This guide is about the practical decision an Indian resident actually faces: do you buy the Australian-listed shares directly on the ASX, or the US-listed ADR on the NYSE? The companies are the same; the wrappers are not. We will cover what each company is, the listing structures (which differ between the two — BHP simplified its in 2022, Rio Tinto has not), and the tax and access trade-offs that decide which line belongs in your portfolio.

The two companies, briefly

BHP (formerly BHP Billiton) is the larger of the two and, after a 2017 divestment of US shale and a 2022 corporate restructure, is concentrated on iron ore, copper, and met coal, with a growing copper and "future-facing commodities" tilt. It is the single largest company on the ASX in most periods and a heavyweight in any S&P/ASX 200 fund.

Rio Tinto is the world's second-largest miner, historically built on iron ore from the Pilbara, with major aluminium, copper, and minerals businesses. It has been pushing into lithium and other battery materials. Both companies are deeply cyclical — earnings and dividends swing hard with commodity prices, particularly iron ore, which is heavily tied to Chinese steel demand. Owning either is a bet on the global industrial and infrastructure cycle, not a defensive holding.

Because both are large, mature, cash-generative miners, they tend to pay substantial dividends in good years — and here the franking-credit problem is front and centre, because those dividends are typically heavily franked and the franking is worthless to you. We will return to that.
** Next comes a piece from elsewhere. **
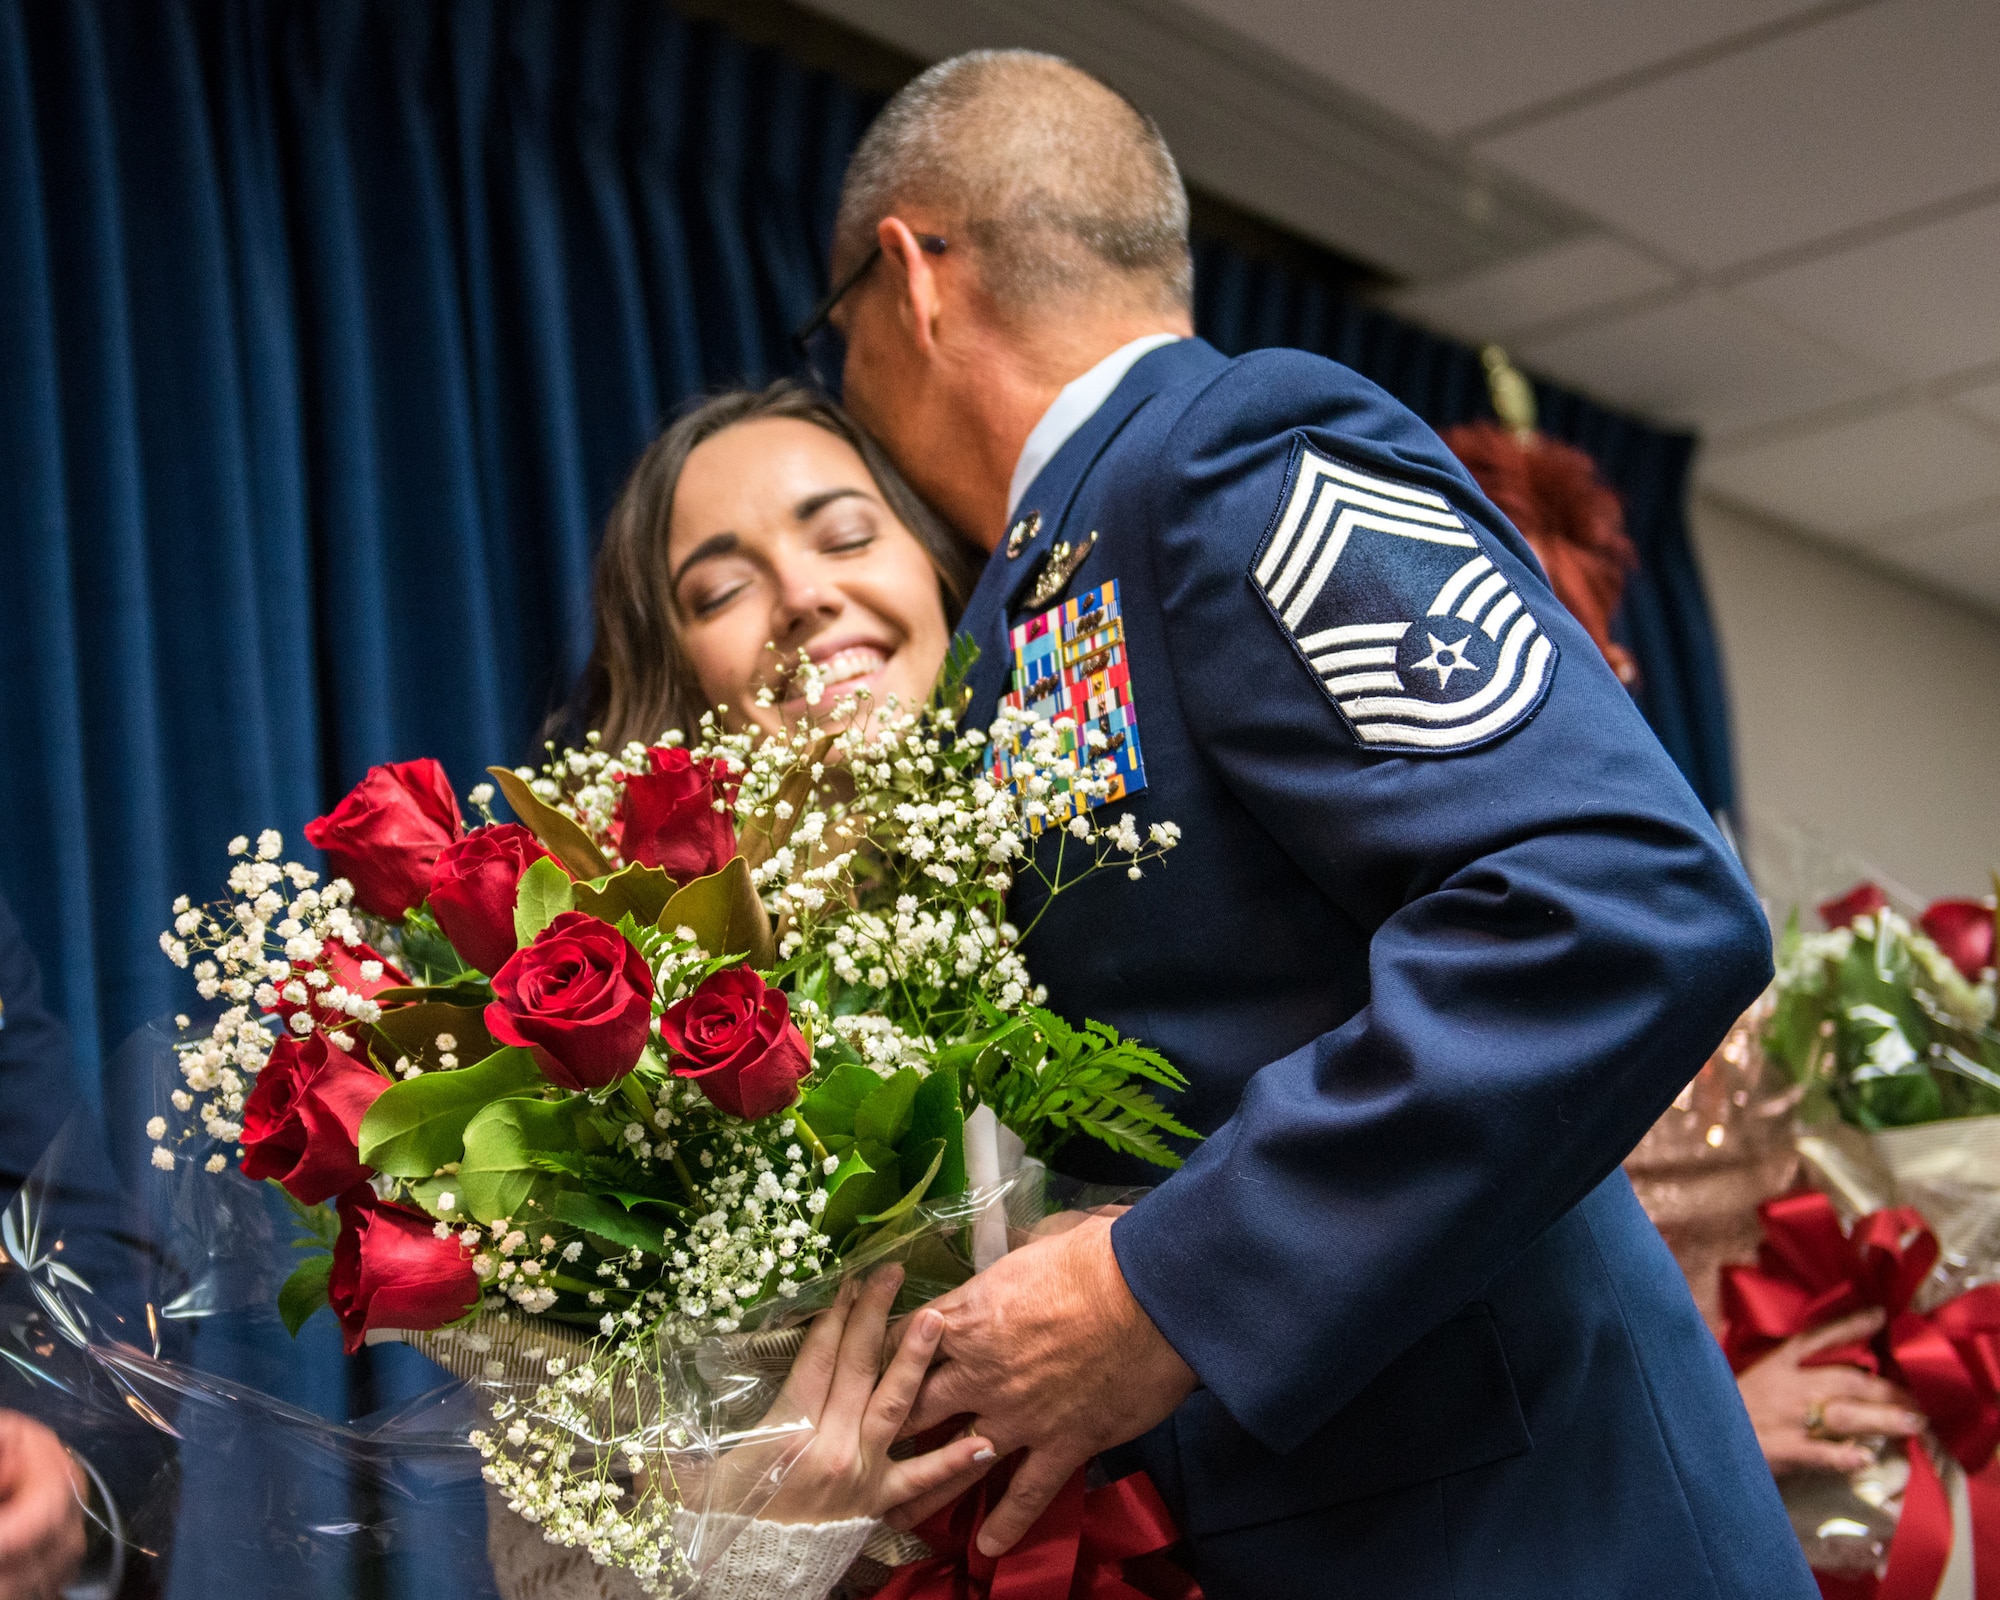 Chief Master Sgt. Jeffrey Brown, a loadmaster supervisor with the 165th Airlift Squadron, presents his daughter with a bouquet of roses during his ceremony at the Kentucky Air National Guard Base in Louisville, Ky., Dec. 7, 2019. (U.S. Air National Guard photo by Senior Airman Chloe Ochs)

The investment thesis, briefly

For an Indian investor, the case for owning a mining major usually rests on one of three ideas. The first is a straight bet on the commodity supercycle — the view that decarbonisation, electrification, and infrastructure build-out in the developing world will keep demand for copper, iron ore, and battery metals structurally elevated for decades. BHP and Rio Tinto are among the lowest-cost, highest-quality producers of exactly these commodities, so they are leveraged, liquid ways to express that view. The second is diversification: mining earnings are uncorrelated with the technology and consumer names that dominate most Indian global portfolios, so a miner sleeve can dampen overall volatility. The third is income in good years — though, as the franking discussion makes clear, the dividend case is materially weaker for a non-resident than the headline yield suggests.
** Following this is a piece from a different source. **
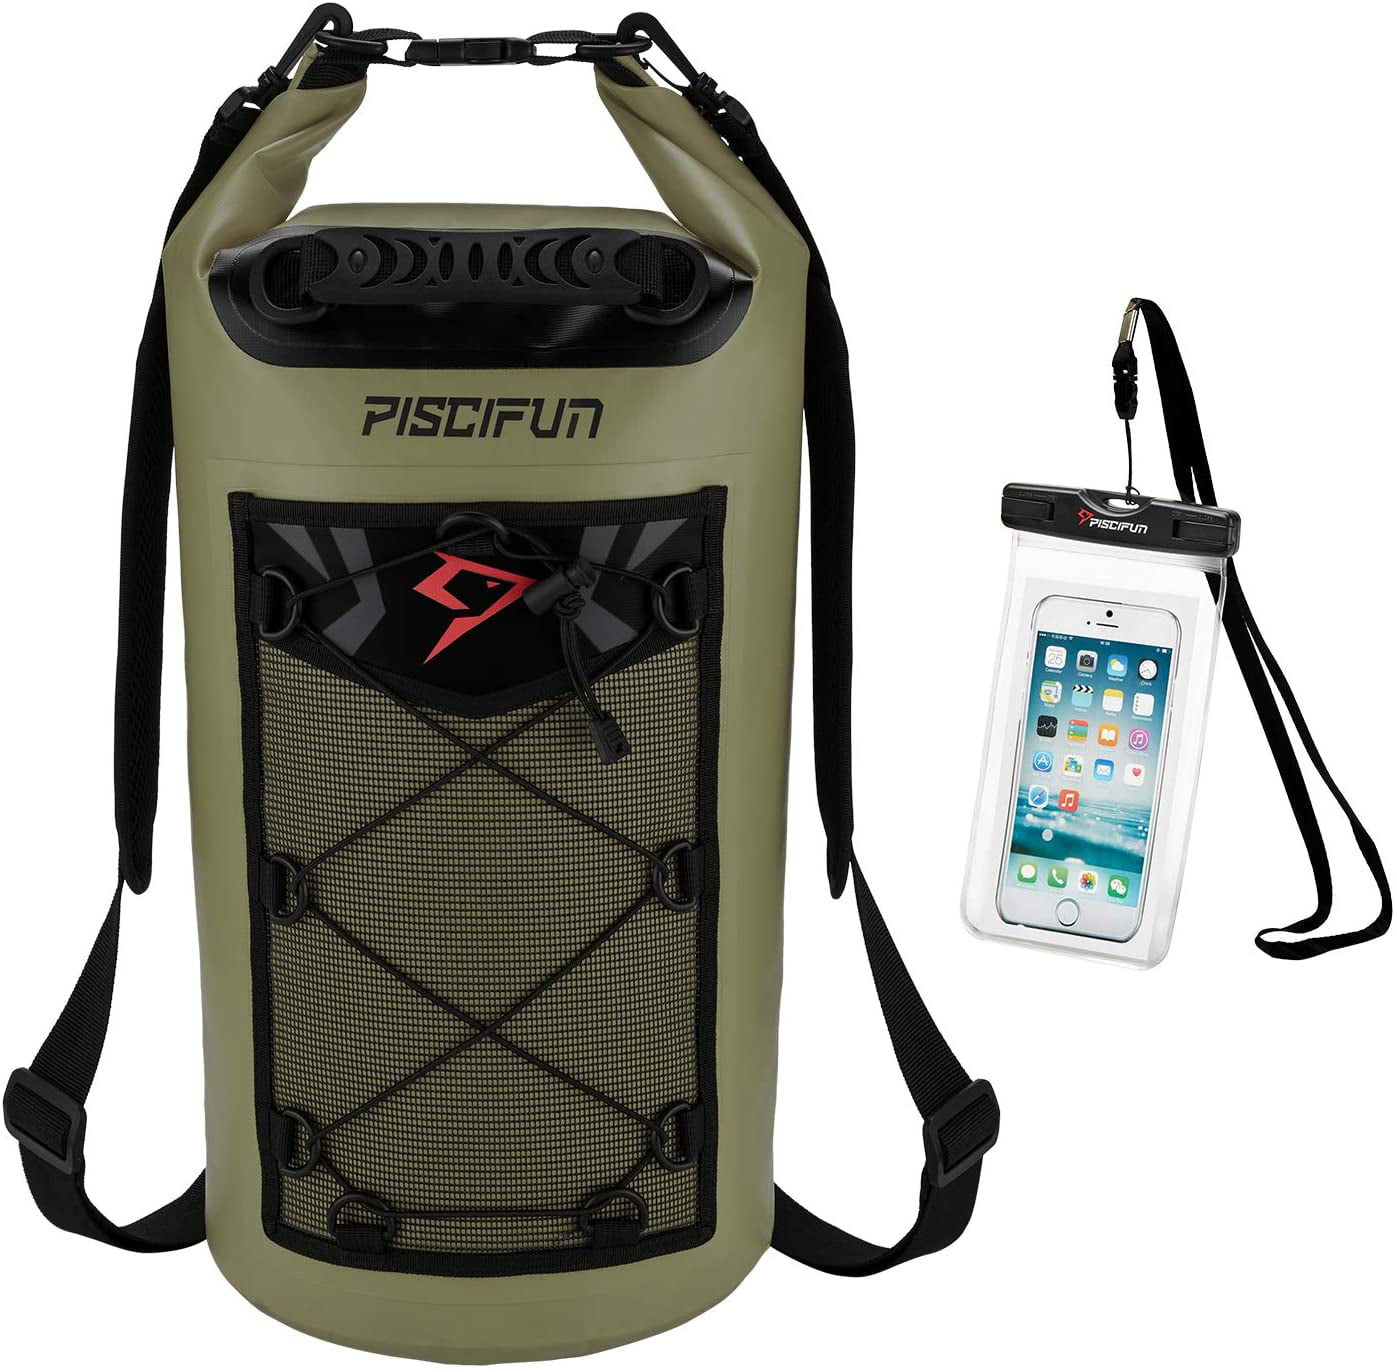 With Waterproof Cellphone case. Waterproof Dry Bag 3 Pack 5L/10L/20L

The bear case is equally important. Both companies live and die by the iron-ore price, which is overwhelmingly driven by Chinese steel demand and Chinese property and infrastructure activity. A structural slowdown in China — already a real concern — hits both names hard. They are capital-intensive, exposed to operational risks (mine accidents, weather, regulatory and royalty changes in Australia), and their dividends are explicitly variable, rising and falling with the cycle rather than growing steadily. You are buying cyclicality. That is fine if you understand it, and a problem if you bought them expecting bond-like income.

The listing structures — and why they differ

This is the part most guides get muddled, so be precise. BHP and Rio Tinto historically both ran "dual-listed company" (DLC) structures — two separately listed entities (an Australian one and a UK one) operating as a single economic enterprise. They have since diverged.

BHP unified in 2022. BHP collapsed its dual-listed structure into a single primary listing on the ASX. Today BHP has its sole primary listing on the ASX, a standard listing on the London Stock Exchange, a secondary listing on the Johannesburg exchange, and a sponsored Level II ADR programme on the NYSE under the ticker BHP. So for BHP, the practical choice for an Indian is: the ASX line (BHP.AX) or the NYSE ADR (BHP).

Rio Tinto remains dual-listed (as of early 2026). Rio Tinto has kept its DLC structure — Rio Tinto Limited listed on the ASX and Rio Tinto plc listed in London — despite an activist campaign pushing for unification. Shareholders have repeatedly voted to retain the dual structure. Rio Tinto also has a NYSE ADR under the ticker RIO. For an Indian, the practical choice is the ASX line (RIO.AX, the Australian Limited shares) or the NYSE ADR (RIO).

The key point for you: both companies offer a clean US-listed ADR, which matters enormously because of broker access.

The decision: ASX line vs US ADR

For an Indian investor, this choice usually comes down to four factors. Let's take them in order of how much they actually matter.

Factor 1: Can your broker even reach the ASX?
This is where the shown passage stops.